Segment Start: Data for the task
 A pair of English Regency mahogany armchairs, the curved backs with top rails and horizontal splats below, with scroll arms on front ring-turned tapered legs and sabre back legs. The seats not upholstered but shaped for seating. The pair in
Segment End: Data for the task
Segment Start: Data for the task
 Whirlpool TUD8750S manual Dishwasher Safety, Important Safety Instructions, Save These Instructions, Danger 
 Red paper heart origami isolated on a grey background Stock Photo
Segment End: Data for the task
Segment Start: Data for the task
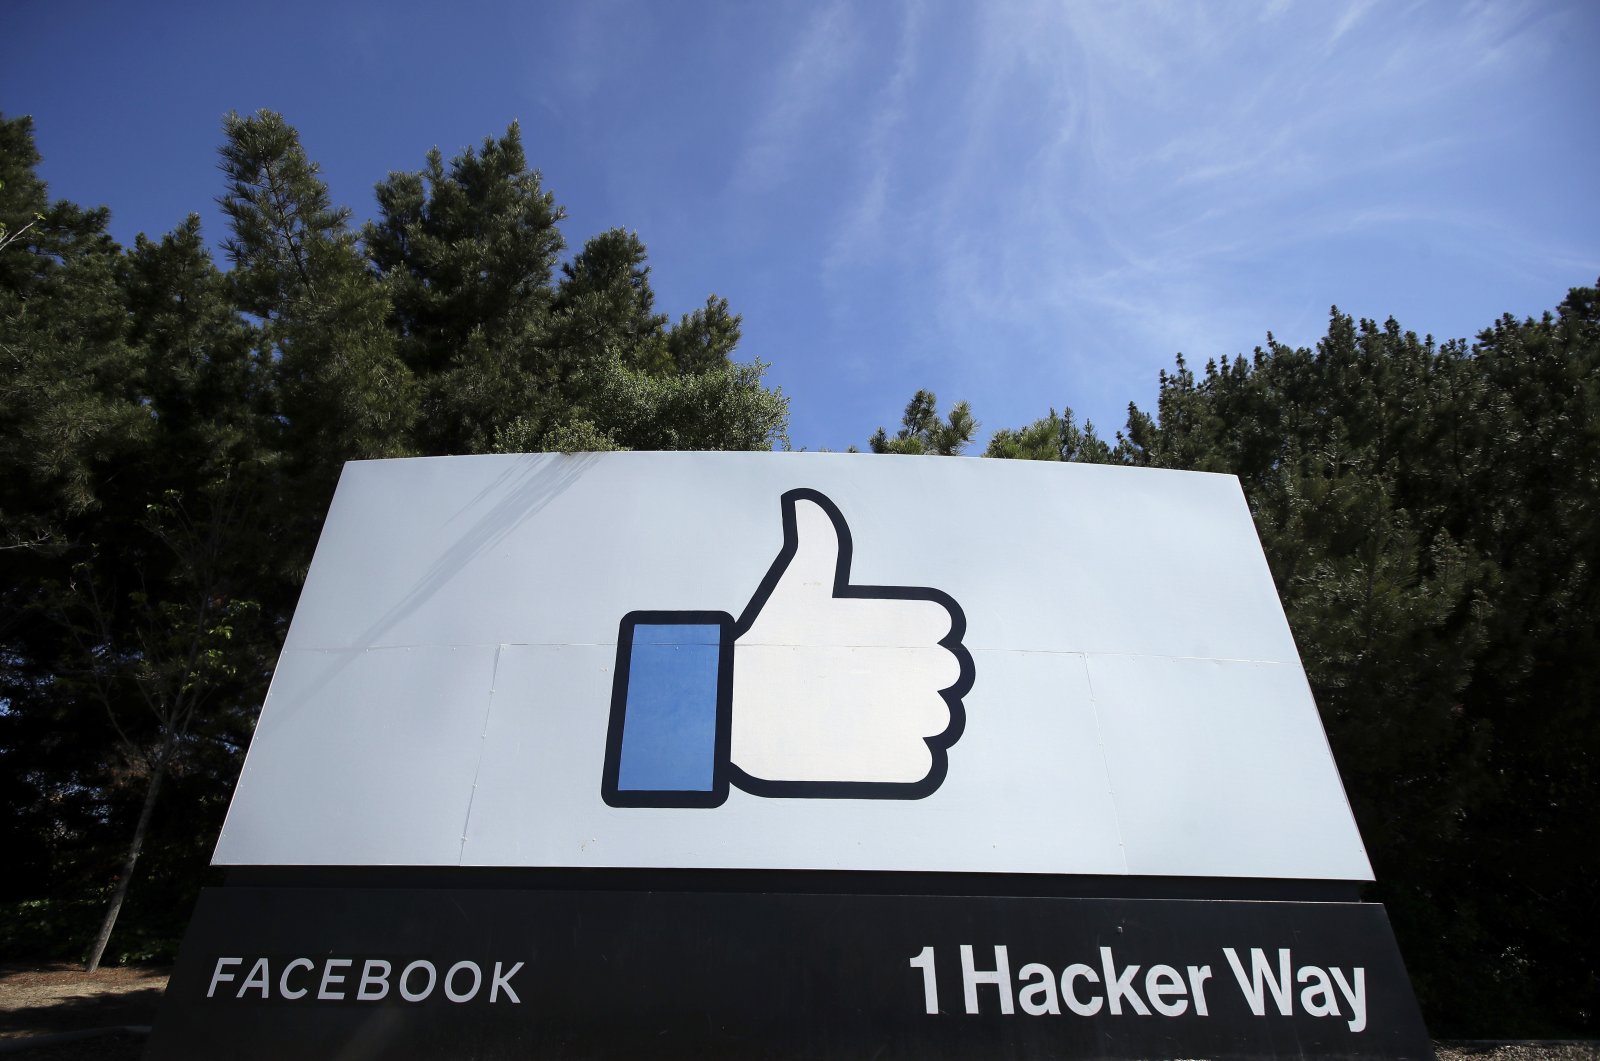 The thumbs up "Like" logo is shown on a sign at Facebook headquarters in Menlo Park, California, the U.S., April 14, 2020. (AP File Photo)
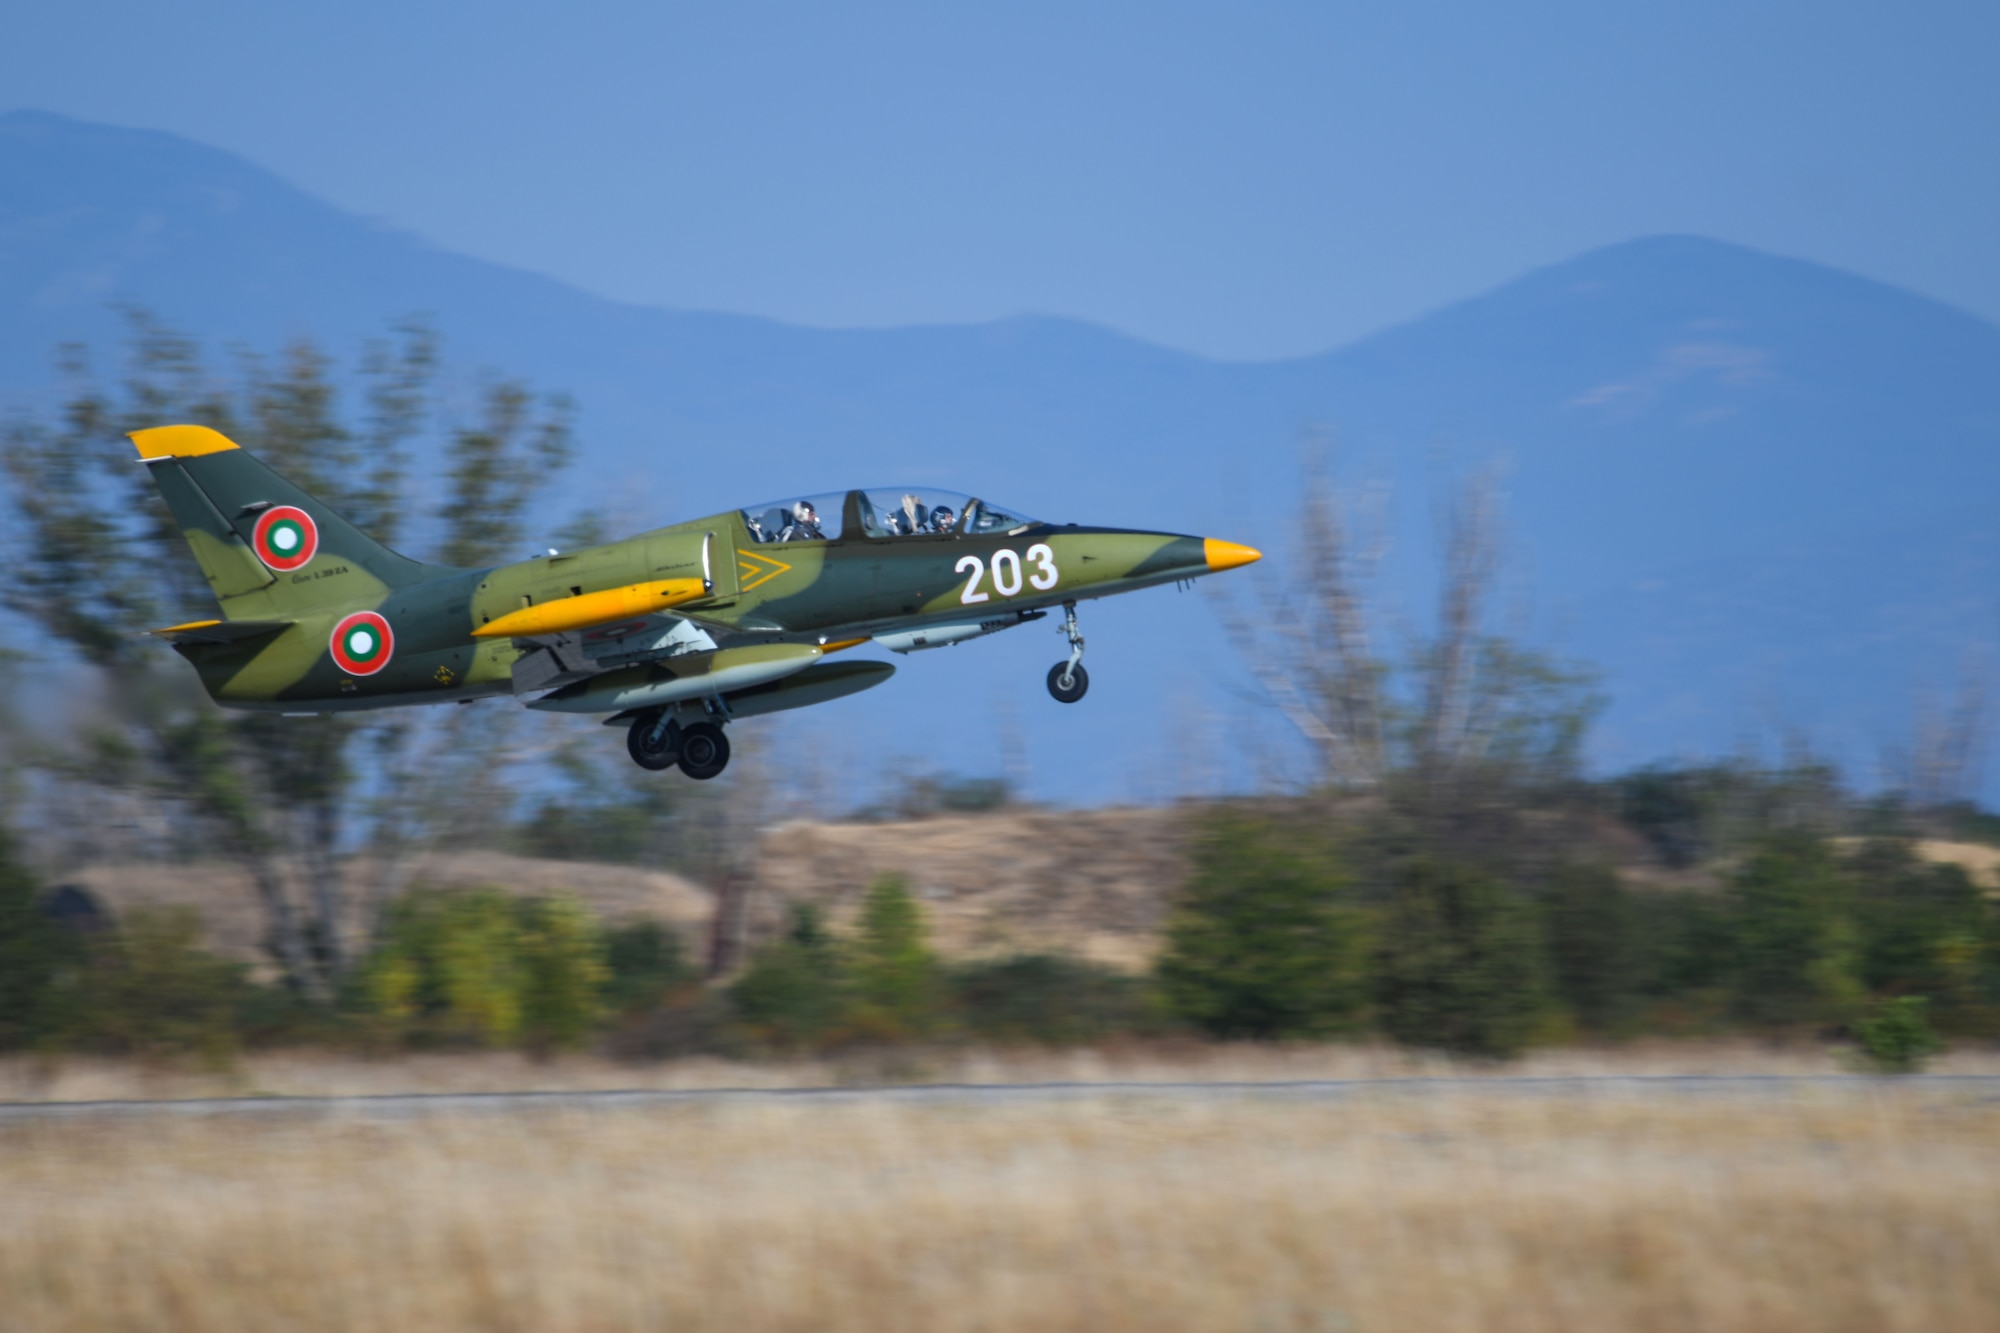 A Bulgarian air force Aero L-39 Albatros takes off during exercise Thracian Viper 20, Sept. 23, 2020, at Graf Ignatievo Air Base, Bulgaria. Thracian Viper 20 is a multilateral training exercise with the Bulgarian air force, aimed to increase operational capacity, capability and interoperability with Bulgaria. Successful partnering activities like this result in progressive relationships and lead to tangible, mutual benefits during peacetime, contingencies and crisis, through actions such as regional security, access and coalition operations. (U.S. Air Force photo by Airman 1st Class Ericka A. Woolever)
Segment End: Data for the task
Would you transcribe the lines above exactly, going from the line bearing "The thumbs up" through the line bearing "A Bulgarian air", and drop the pictures from the copy?

_Solution for this problem_:
 The thumbs up "Like" logo is shown on a sign at Facebook headquarters in Menlo Park, California, the U.S., April 14, 2020. (AP File Photo)
 A Bulgarian air force Aero L-39 Albatros takes off during exercise Thracian Viper 20, Sept. 23, 2020, at Graf Ignatievo Air Base, Bulgaria. Thracian Viper 20 is a multilateral training exercise with the Bulgarian air force, aimed to increase operational capacity, capability and interoperability with Bulgaria. Successful partnering activities like this result in progressive relationships and lead to tangible, mutual benefits during peacetime, contingencies and crisis, through actions such as regional security, access and coalition operations. (U.S. Air Force photo by Airman 1st Class Ericka A. Woolever)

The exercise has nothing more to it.